A globally scalable, light data framework for flood-hazard mapping using open geospatial services

Igor Sieczkowski Moreira, Jonathan Corker, Mehran Eskandari Torbaghan, Fernando Dornelles, and Lélio Antônio Teixeira Brito

Abstract. Flood-risk screening is often limited by the lack of globally consistent hazard layers, because detailed hydraulic models require local calibration, boundary conditions, and substantial computation. This study presents a light data framework that uses application programming interfaces to assemble global elevation, hydrography, and road-network data for flood-hazard susceptibility mapping. Height Above Nearest Drainage is derived with drainage calibration constrained by OpenStreetMap hydrography, while the Multiresolution Index of Valley-Bottom Flatness adds complementary information on valley planarity. An interpretable monotonic gradient-boosted regression model is trained on return-period inundation inventories and converted into a common five-class ordinal hazard scale using threshold sets suited to planar and incised river settings.
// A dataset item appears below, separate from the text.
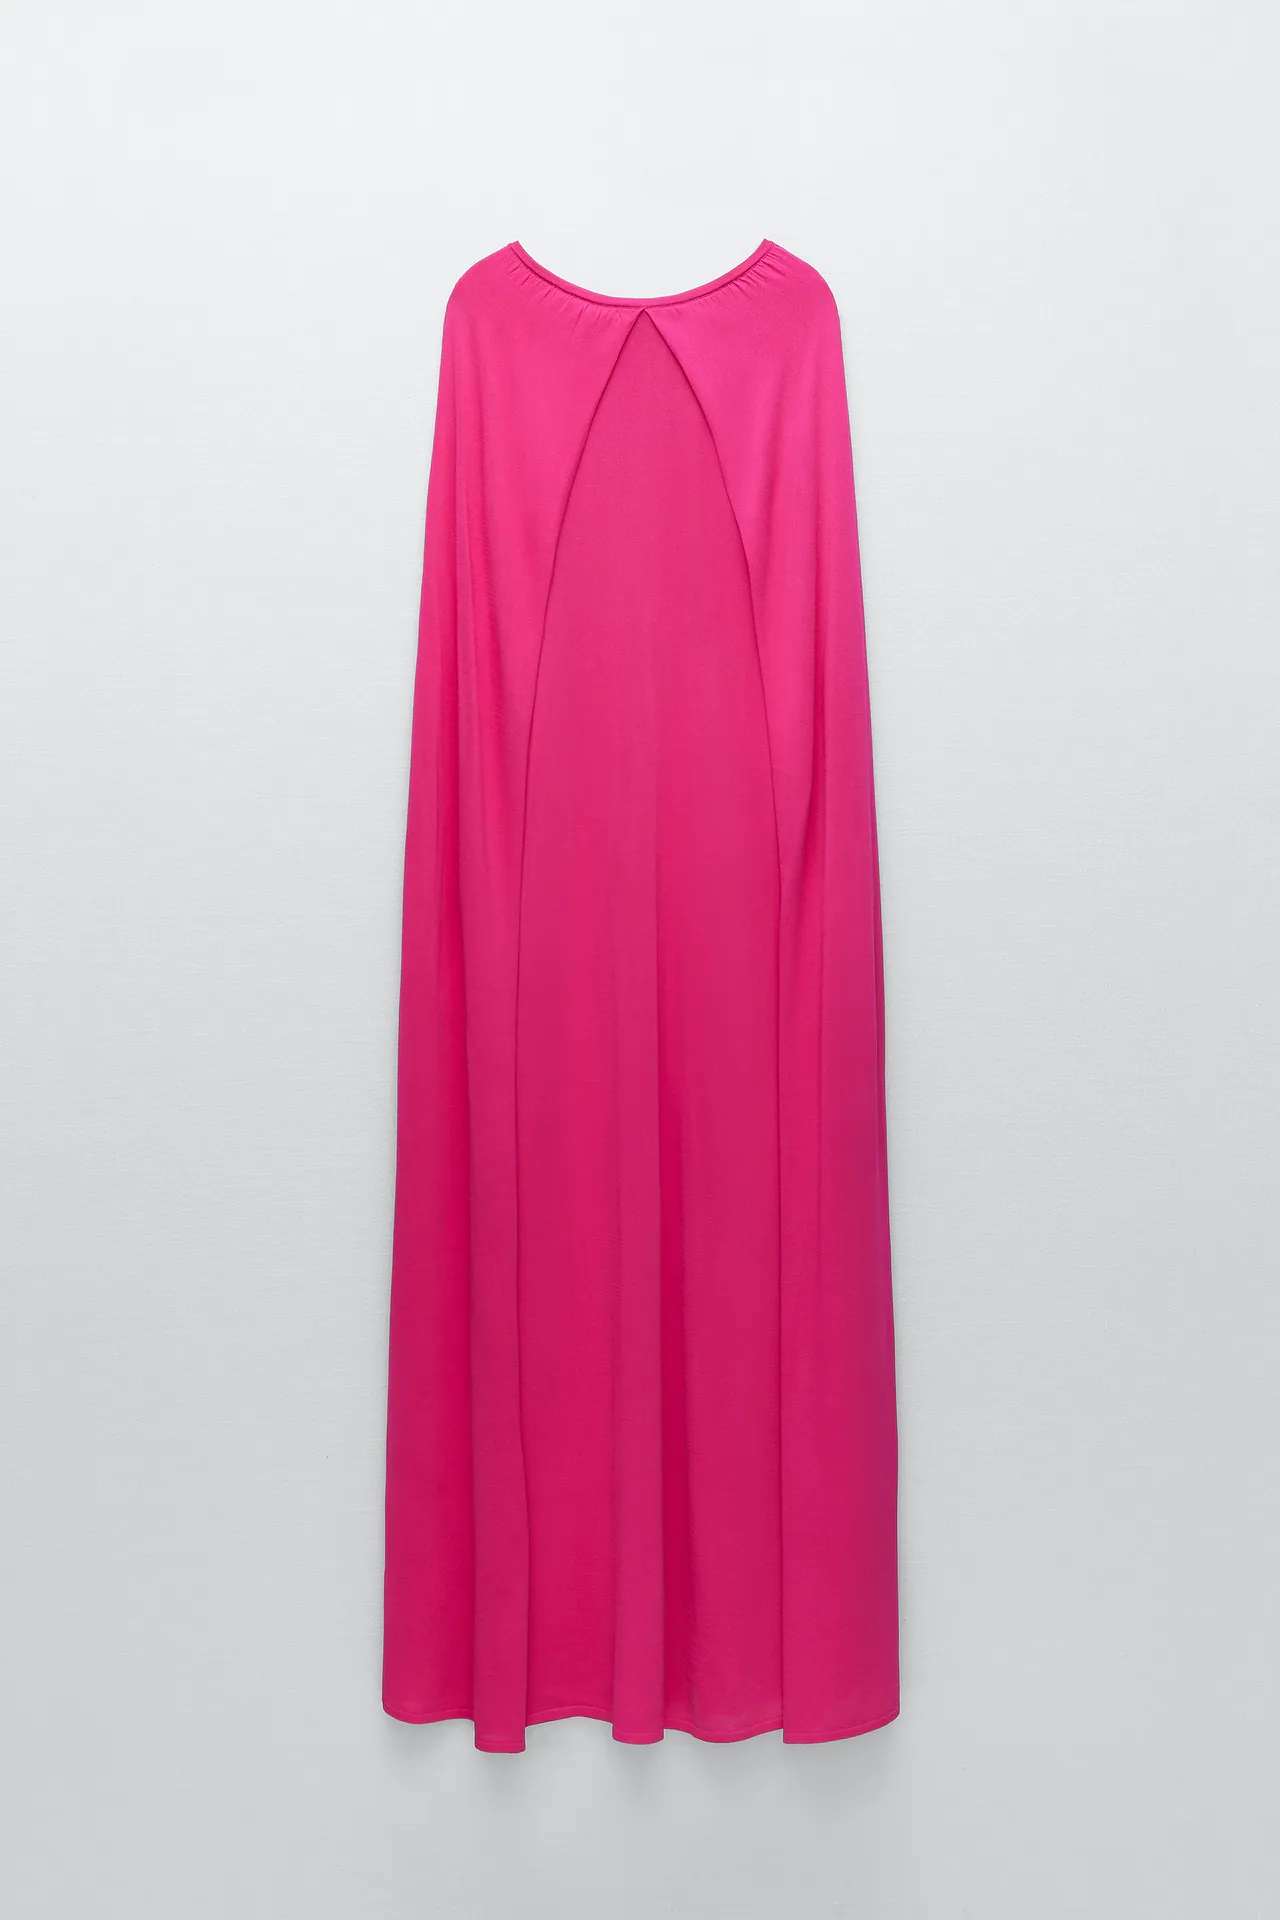 El vestido con capa de edición especial de Zara que te convertirá en la más elegante
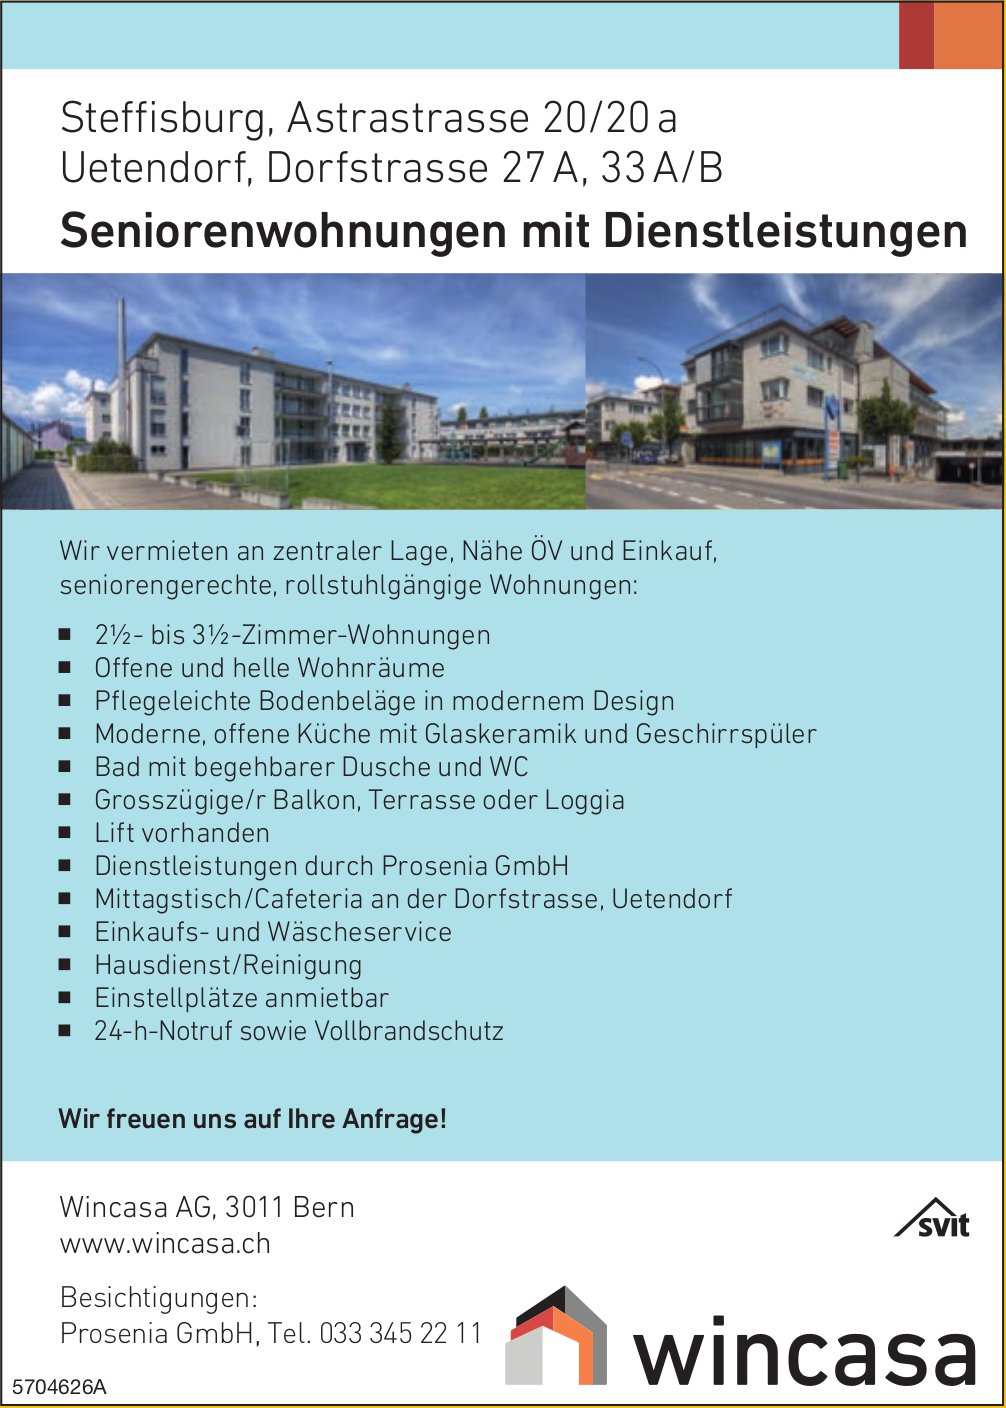 Seniorenwohnungen mit Dienstleistungen, 2.5- bis 3.5-Zimmer-Wohnungen, Steffisburg/Uetendorf, Wincasa Bern, zu vermieten

Applications to three independent river reaches show that the upper hazard classes consistently capture the 100-year flood footprint. The ordinal ranking remains physically coherent across return periods: low-susceptibility terrain is largely insensitive to increasing flood severity, whereas higher classes show progressively greater inundation likelihood. The model distinguishes flooded from non-flooded terrain in 78–83 % of pairwise comparisons and remains effective under strict false-alarm constraints. The framework delivers screening-grade hazard layers for prioritisation and for integration with exposure and vulnerability analyses. Future work should test broader climatic and geomorphic settings and refine transferability across regions.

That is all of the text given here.